## PROMPT
This exercise calls for the data below to be retyped exactly, minus any images.

## DATASET EXTRACT
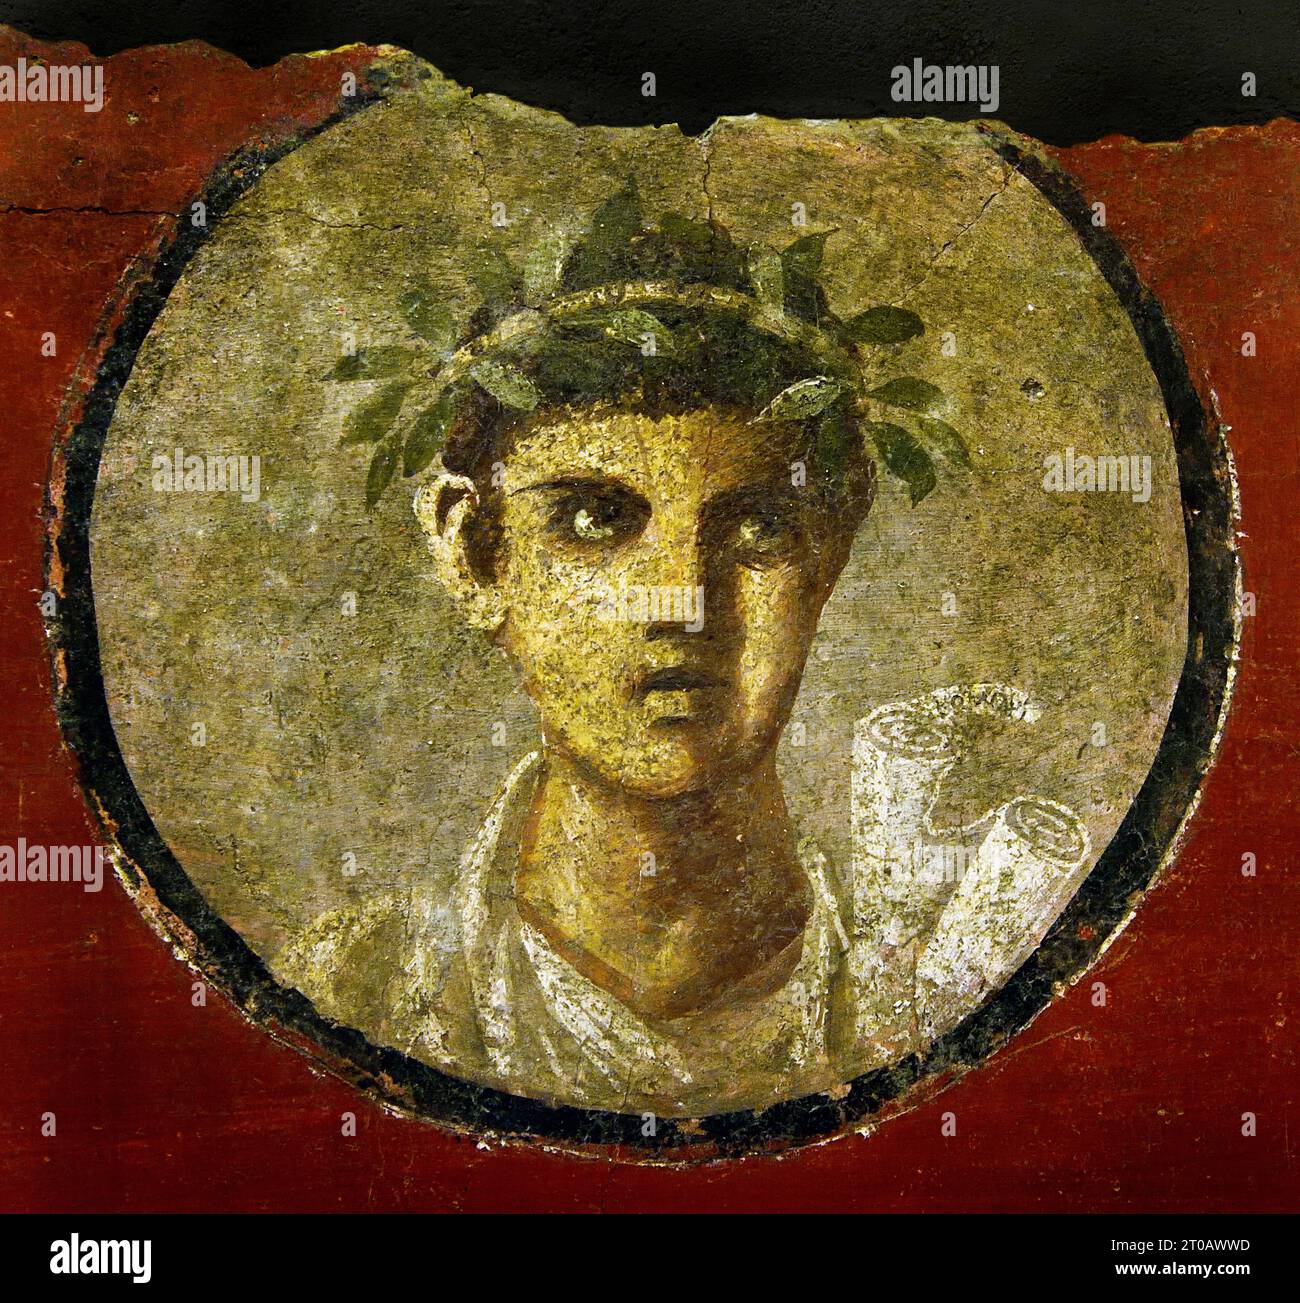 "Young Man with a Roll, 50-79 fresco Pompei Roman City si trova vicino a Napoli, nella regione Campania. Pompei fu sepolta sotto 4-6 m di cenere vulcanica e pomice nell'eruzione del Vesuvio nel 79 d.C. Italia Foto Stock
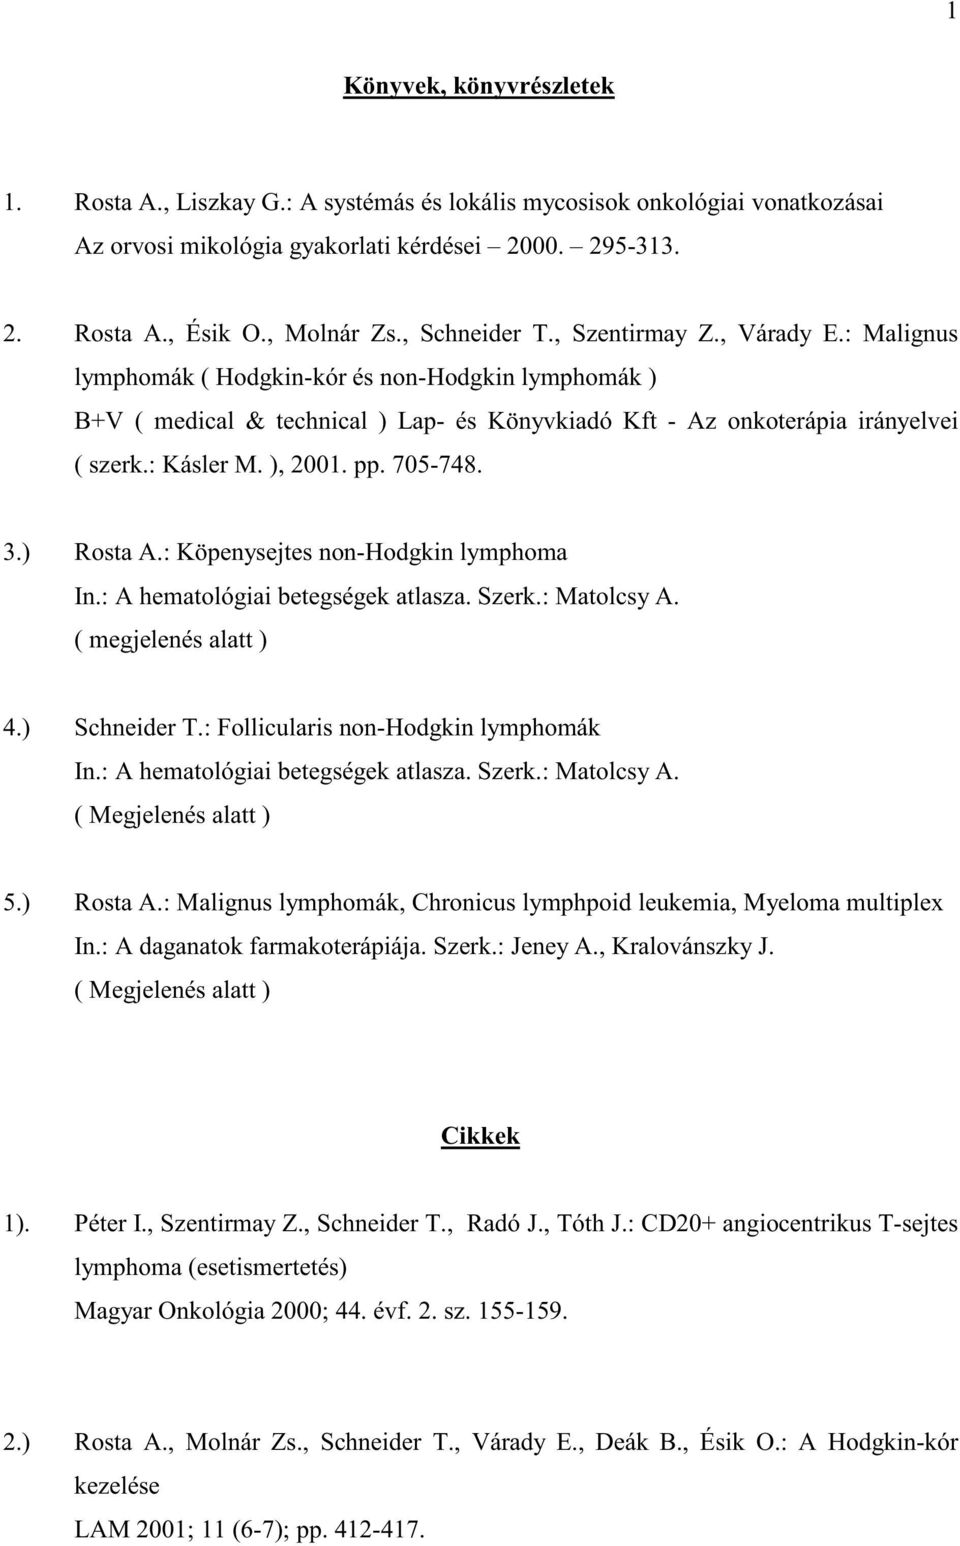 ), 2001. pp. 705-748. 3.) Rosta A.: Köpenysejtes non-hodgkin lymphoma In.: A hematológiai betegségek atlasza. Szerk.: Matolcsy A. ( megjelenés alatt ) 4.) Schneider T.
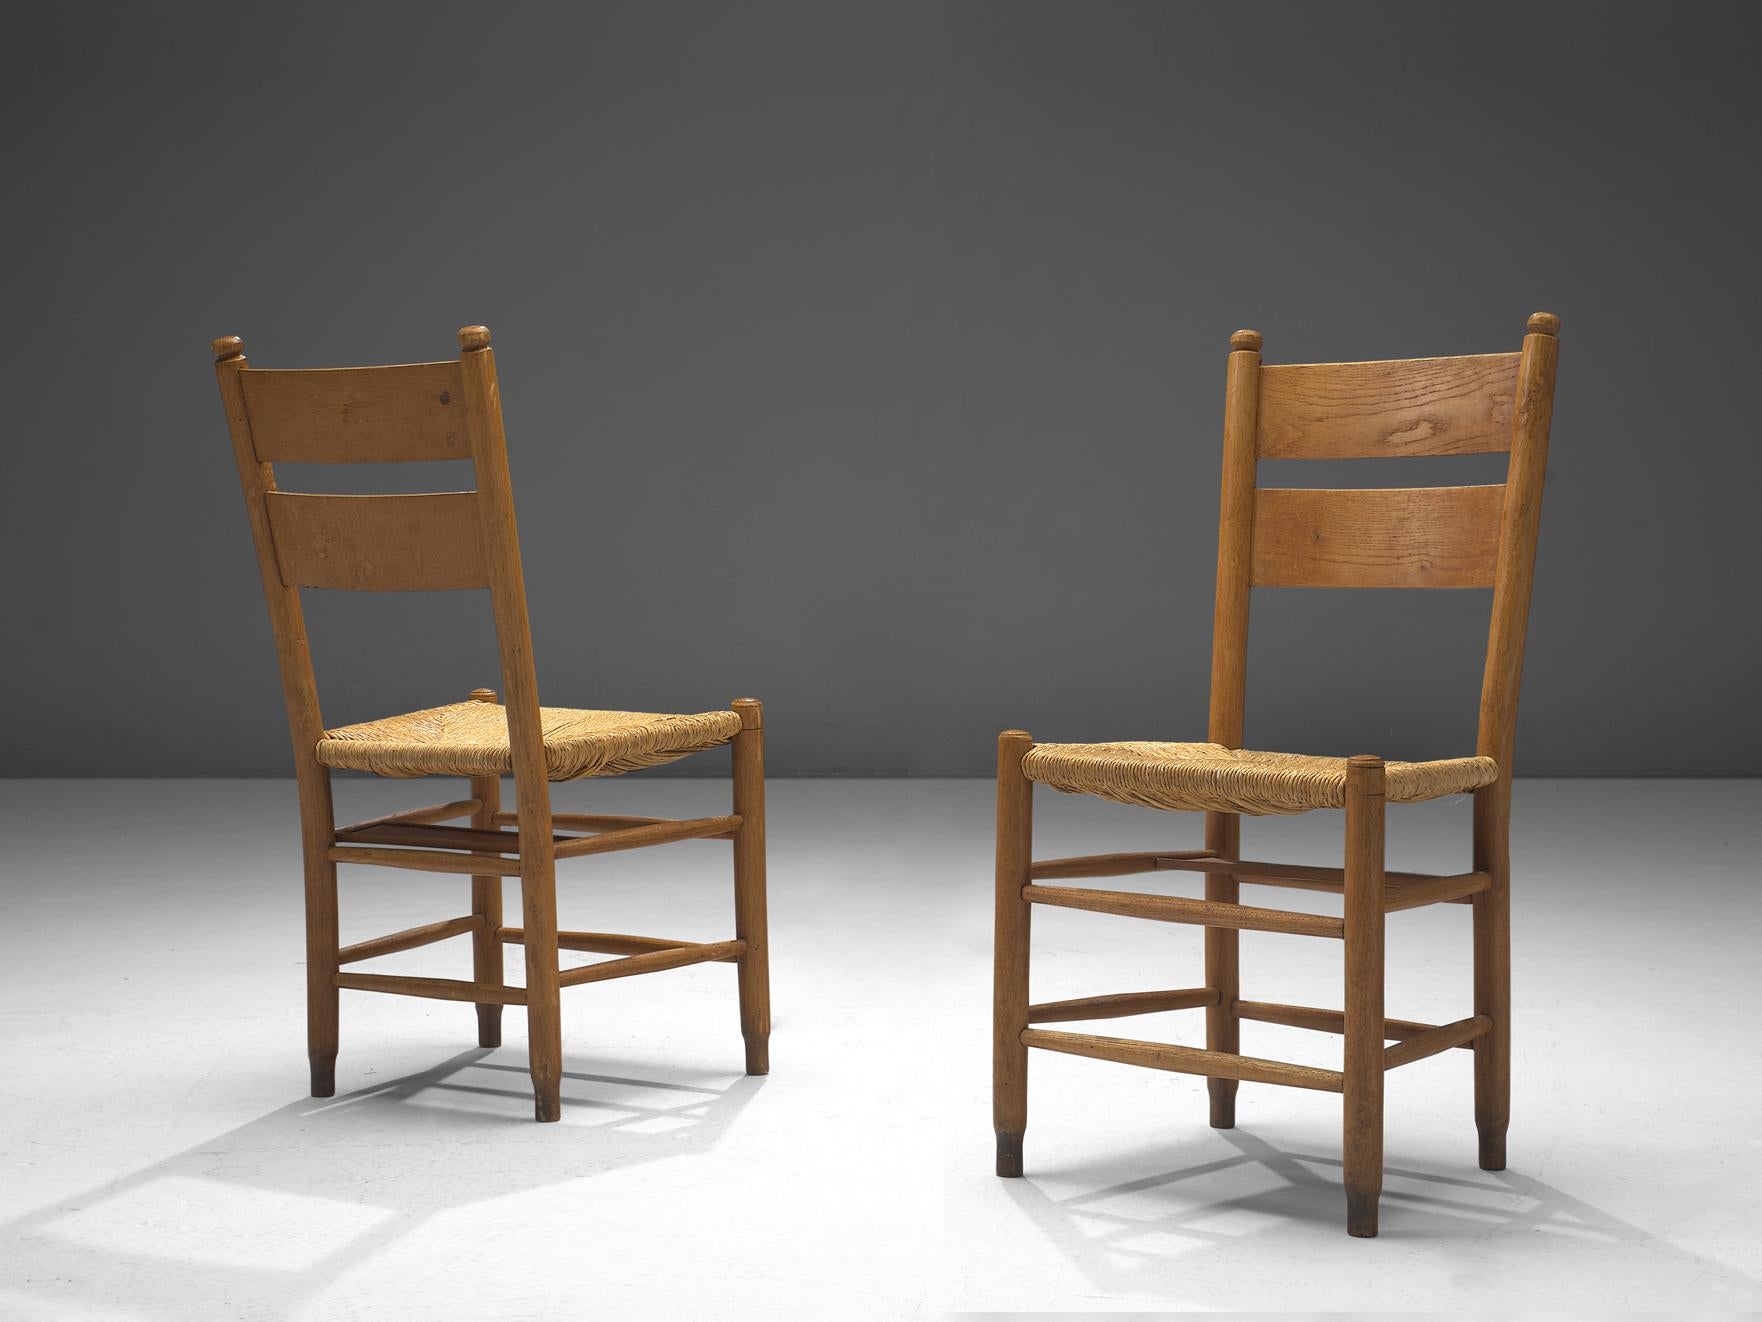 Paire de chaises de salle à manger, chêne, osier paille, Danemark, années 1960 

Cette collection comprend un large éventail de chaises d'église danoises rustiques, construites en bois de chêne durable et caractérisées par leurs sièges en paille

## WORKED SOLUTION
 "Young Man with a Roll, 50-79 fresco Pompei Roman City si trova vicino a Napoli, nella regione Campania. Pompei fu sepolta sotto 4-6 m di cenere vulcanica e pomice nell'eruzione del Vesuvio nel 79 d.C. Italia Foto Stock
 ), 2001. pp. 705-748. 3.) Rosta A.: Köpenysejtes non-hodgkin lymphoma In.: A hematológiai betegségek atlasza. Szerk.: Matolcsy A. ( megjelenés alatt ) 4.) Schneider T.
 Paire de chaises de salle à manger, chêne, osier paille, Danemark, années 1960 

Cette collection comprend un large éventail de chaises d'église danoises rustiques, construites en bois de chêne durable et caractérisées par leurs sièges en paille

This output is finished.